The vaginal delivery of a breech baby involves risk. Cord prolapse and trapped fetal parts are unpredictable complications. Every practitioner knows this; and the literature, the courts, and the low baseline rate of such deliveries in North America highlight caution. Maternity units with interest and skill in delivering breech babies vaginally have achieved higher rates: 24% in the United States, 36% in Sweden, 38% in Israel, 38% in Switzerland, 39% in France, and 53% in Norway.7–12 These retrospective studies carefully selected women for a trial of labour using various safety criteria and showed lower mortality and morbidity associated with vaginal breech delivery than in the term breech trial. Few obstetrical units other than Løvset's have published vaginal delivery rates as high as the term breech trial.12
Statistical power required a high vaginal delivery rate to enhance the trial's ability to detect small differences in outcome. With this aim, the researchers encouraged practitioners to increase their vaginal breech delivery rate beyond their previous comfort level. Despite being difficult to quantify, comfort level (or “practitioner comfort level”) plays a pivotal part in the safety of complex procedures. Protected from medicolegal liability by the equipoise of a randomised trial, some practitioners must have pushed their comfort levels with vaginal breech delivery. This constitutes a significant bias: one of licence. The trial protocol's liberal labour guidelines allowed 0.5 cm dilation/h and 3.5 hours for the second stage. This is considerable licence, and few obstetricians from centres with proved safety in vaginal breech delivery would find them acceptable.
A discriminating procedure
Human skill varies. This is particularly evident when tasks are complex, require careful judgment, and have narrow margins for error. Increasingly complex tasks are discriminating, with more effort and skill required to master them. The safe vaginal delivery of a breech baby requires considerable skill and is a discriminating obstetrical procedure. Skill is required in multiple arenas: not just in the delivery technique, but in ultrasound assessment, the selection of cases, intrapartum fetal surveillance, the conduct of labour, and paediatric support. A coordinated, well functioning unit is difficult to quantify.
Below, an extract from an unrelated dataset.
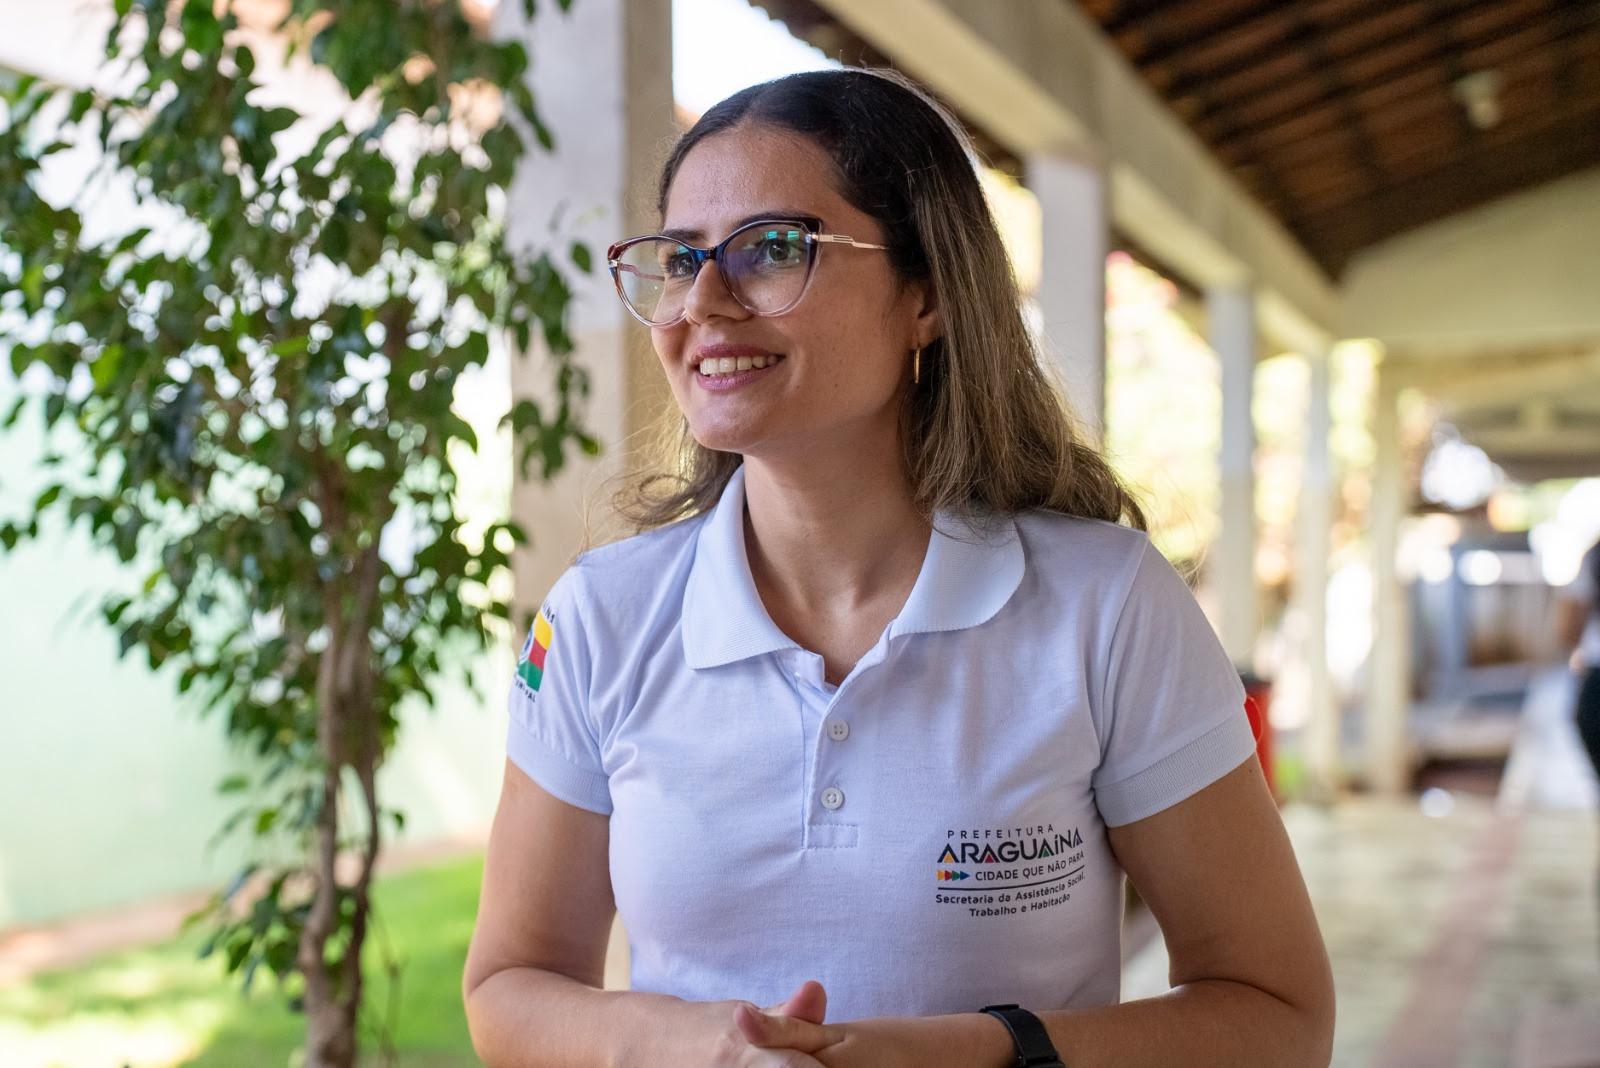 Lorena Lages destaca o papel mediador do assistente social, unindo órgãos e sociedade na luta contra o trabalho infantil. As ações são adaptadas à realidade local e focadas na proteção de crianças e adolescentes

Other recognised discriminating procedures include carotid endarterectomy, where surgical skill is one of the strongest predictors of the operation's utility;13 14 surgery for cancer, where additional surgical training improves outcome;15 16 and vaginal hysterectomy. Rates of vaginal hysterectomy vary greatly among surgeons, and the learning curve to increase an individual surgeon's rate takes years.17 It has been suggested that “encouraging more surgeons to perform more vaginal hysterectomies may result initially in an increasing complication rate because it is technically more difficult.”18
In the United Kingdom and in North America, the baseline vaginal hysterectomy rate for non-malignant disease is 20%. Encouraging a group of surgeons to suddenly increase their rate from 20% to 60% would not be a meaningful way to evaluate the safety of the procedure compared with abdominal hysterectomy. Nor should all women have an abdominal hysterectomy because some are poor candidates for vaginal surgery and because some surgeons lack the skill or experience to support a safe, high vaginal hysterectomy rate. Case selection depends on diagnosis, parity, size and mobility of the uterus, and operator skill, which together determine a safe baseline rate. Increasing the rate arbitrarily and randomising such a complex mix of patient and operator characteristics would compromise safety, yet this is what happened in the term breech trial.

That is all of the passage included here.